Information provided:
----

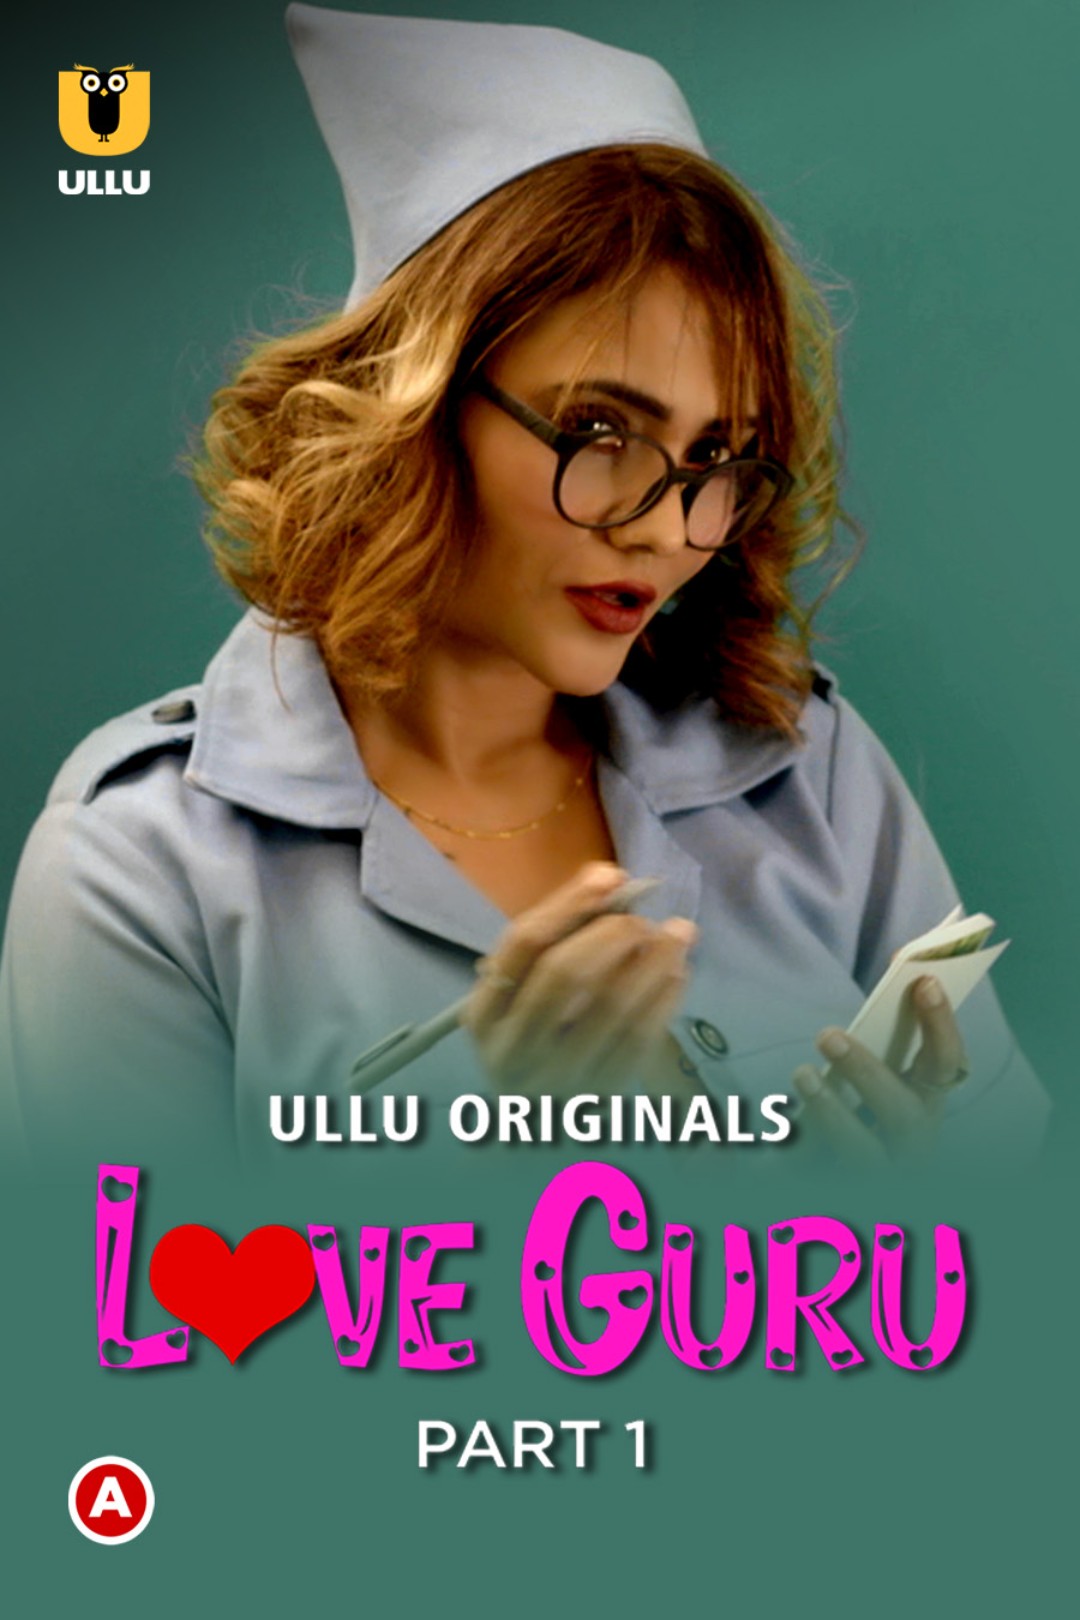 Download [18+] Love Guru (Season 1) (2022) Hindi ULLU Originals WEB Series 480p | 720p | 1080p
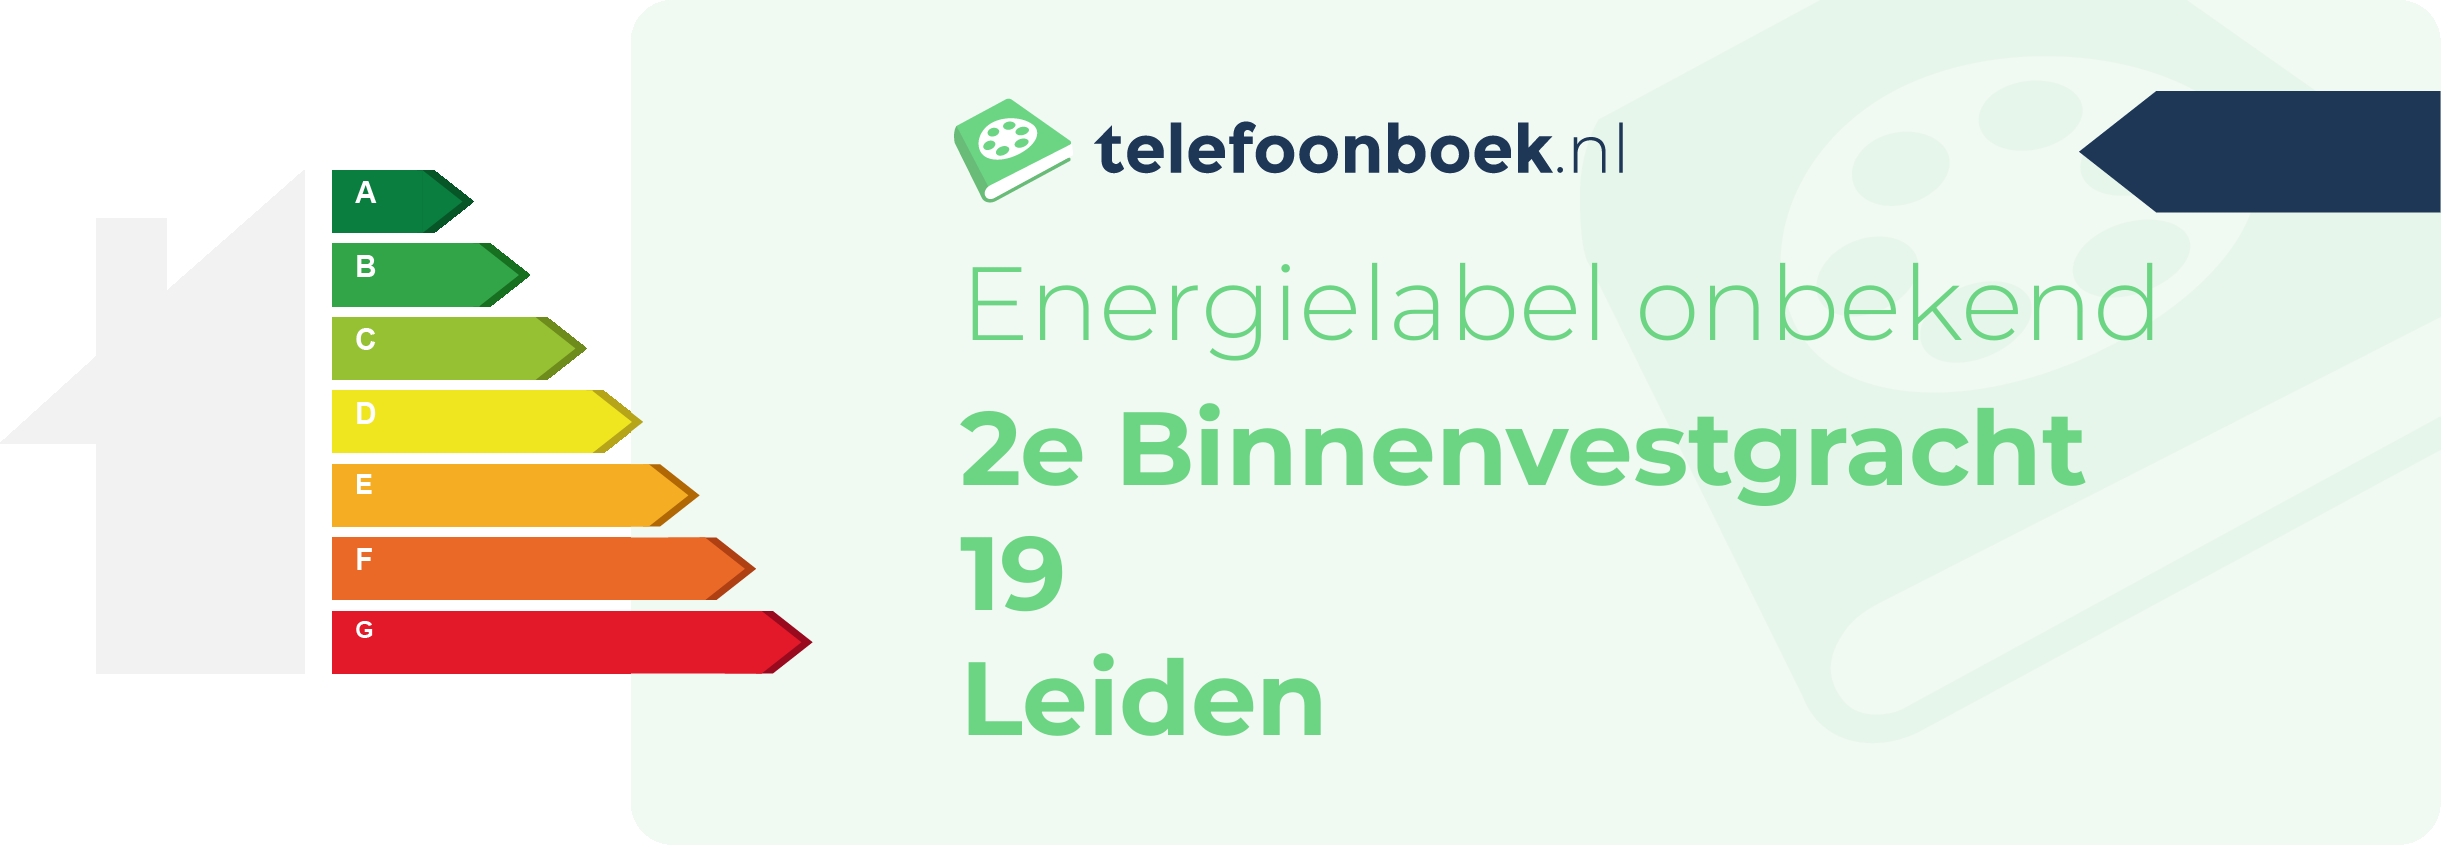 Energielabel 2e Binnenvestgracht 19 Leiden
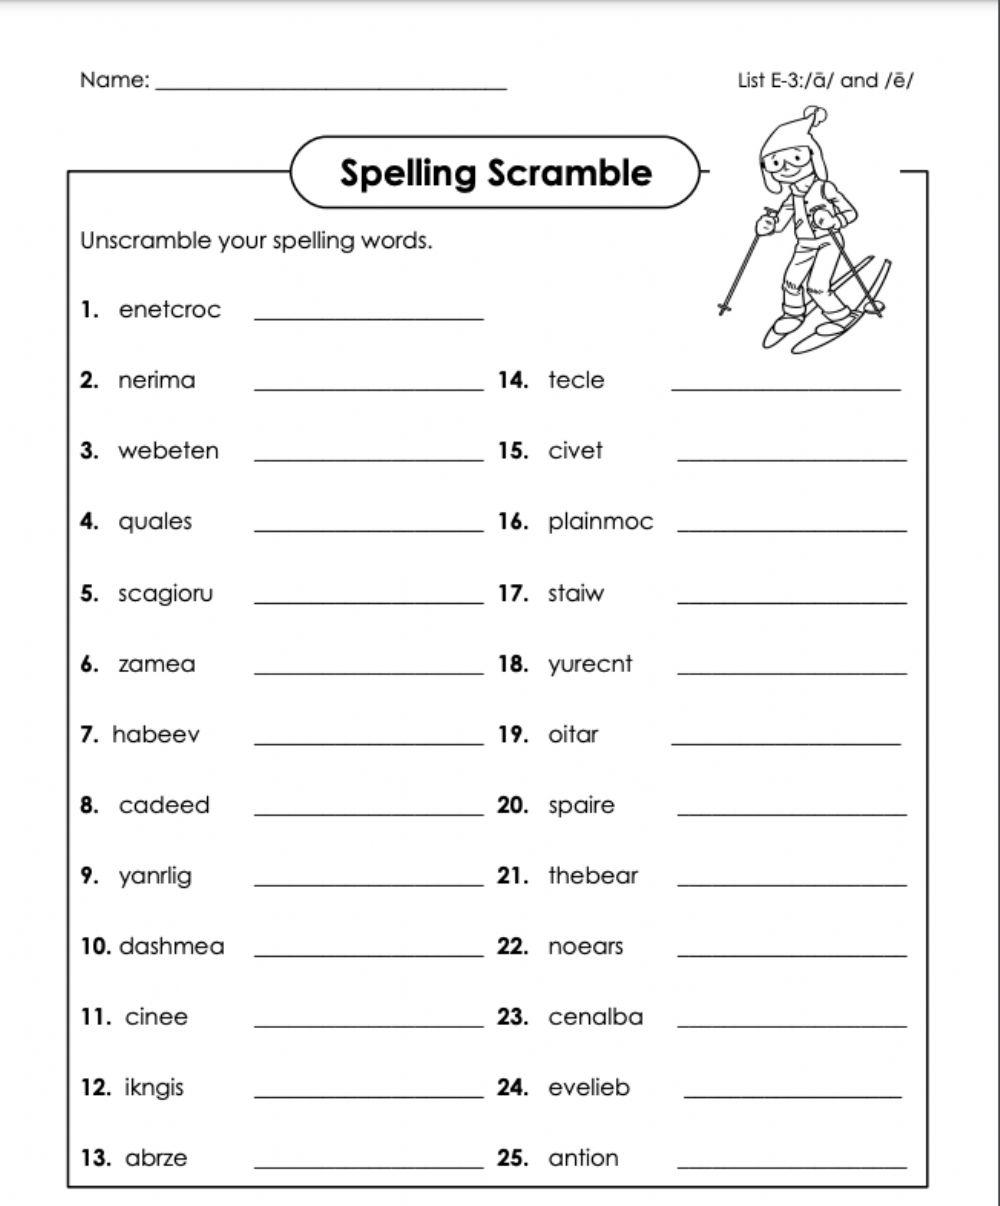 Word scramble e-3 6th grade

----

Your task is to output the material word for word while leaving out every image.

 Download [18+] Love Guru (Season 1) (2022) Hindi ULLU Originals WEB Series 480p | 720p | 1080p
 Energielabel 2e Binnenvestgracht 19 Leiden
 Word scramble e-3 6th grade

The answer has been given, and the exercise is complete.